When you are doing something that you truly love, you will restore your soul. When you are being you authentic self, there’s no better version of you. When you learn about your emotional IQ, you learn another way to deal with yourself and with others. Many people are book smart and that’s wonderful, but there’s also many others who are emotionally smart. Yes, you can have them both if you’ve taken the time to nurture them both.
Everyone cannot be emotionally mature, because they never learned how. You might have come from a family that teaches you to suppress your feelings. This happens over and over again. Some parents are not in touch with their own feelings, therefore they pass this on to their children. Other parents might come from a military background and think that kids are there to be seen but not be heard. Sometimes parents are so busy working and making a living that they are not emotionally available or present at any time.
If you can learn to tune into your emotions better, you are going to be a better everything. Even if your not a parent, it will make you a better boss, a better leader, and a better friend. How exactly does one get started in this process of learning to be emotionally smart? I would suggest by tuning into your mind body connection.

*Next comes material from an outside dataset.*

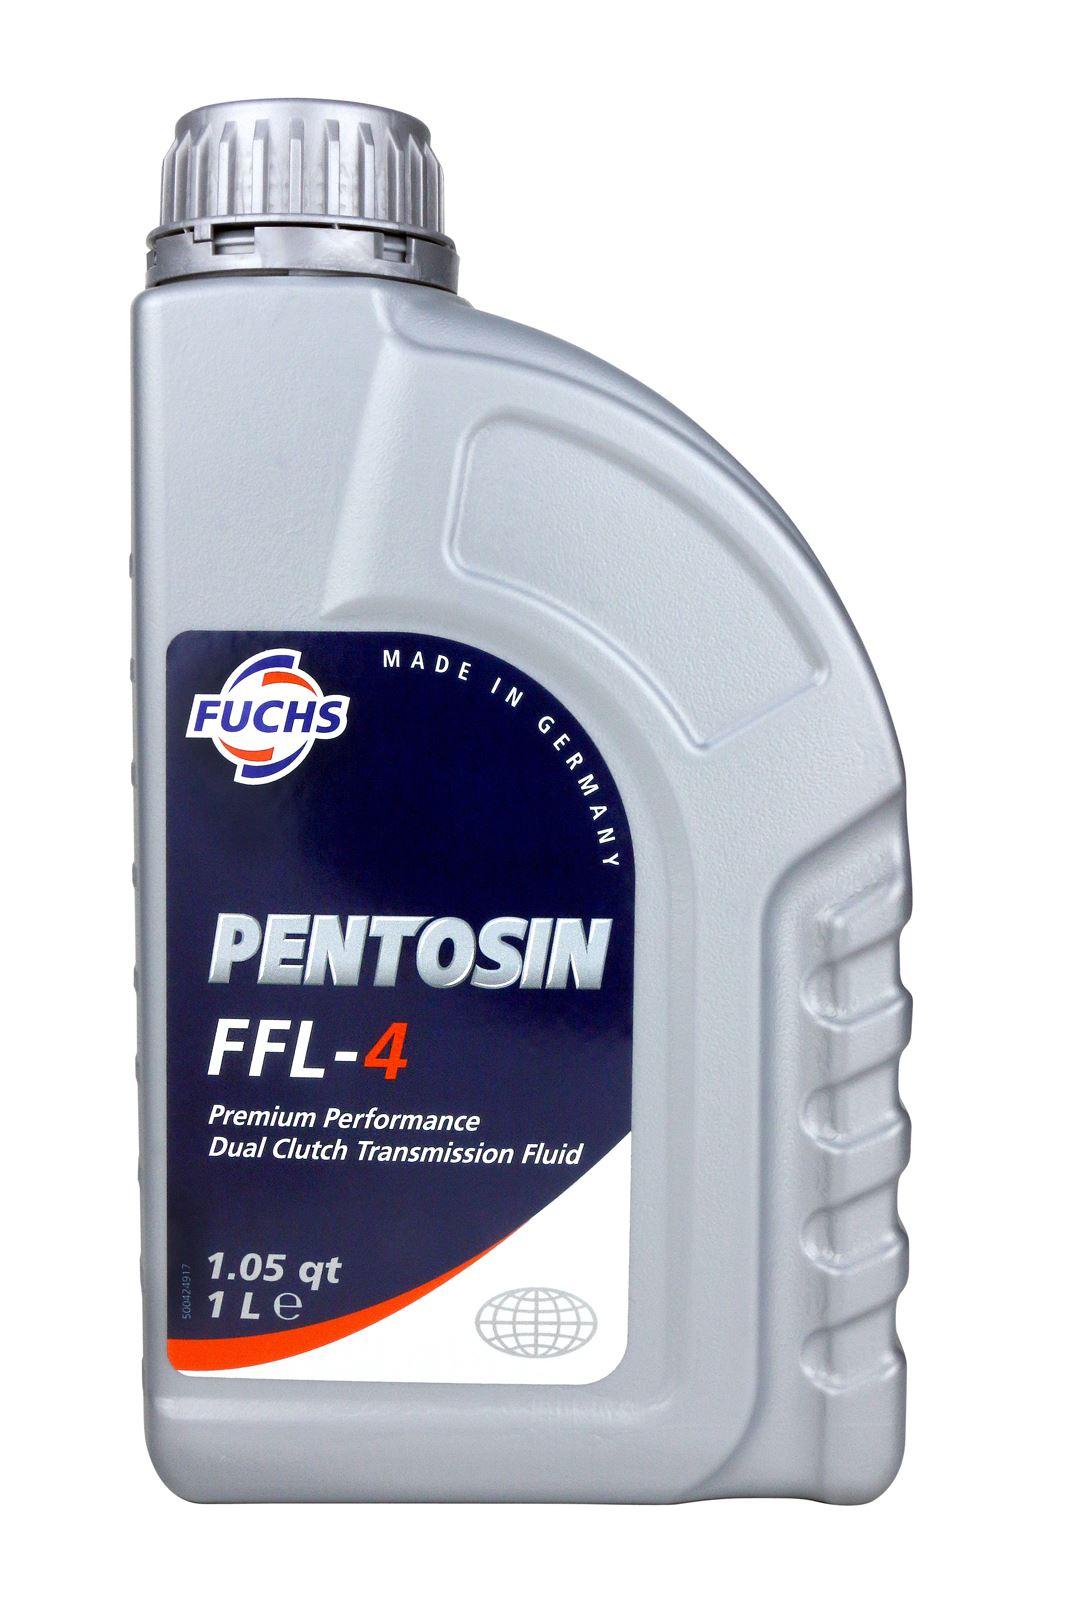 BMW Convertible bmw transmission types Pentosin FFL-4 DCT Transmission Fluid, Oil For BMW DCG, GTR, EVO X ...

If you feel a certain strong emotion taking over your body, then pause and figure out what it is. Everyone has triggers. These triggers all stem from the same place, ourselves. We have created ways of coping with life. They are really defense mechanisms that were put in place as children to protect us. As we get older we don’t need to respond the same way we did as kids. However many of us will go though our adult lives carrying around that angry little kid inside of us.

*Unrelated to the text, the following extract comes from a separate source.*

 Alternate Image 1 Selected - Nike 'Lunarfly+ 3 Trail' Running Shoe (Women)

When you grow up you get a choice. Do you want to continue on the same path, or would you like to evolve into something more? Do you want to teach your kids the same things that were taught to you, or would you like them to have more? I will be exploring this topic in greater detail later I hope that the subject itself has opened your eyes and will help you gauge where your emotional IQ is.
Watch for your triggers, but don’t act on them. Explore them instead when they arise inside you. Is it really this person or situation that has you in an uproar? Or is it something locked away inside you that’s never really healed yet? Either way, you can do this and I will be here to cheer you on!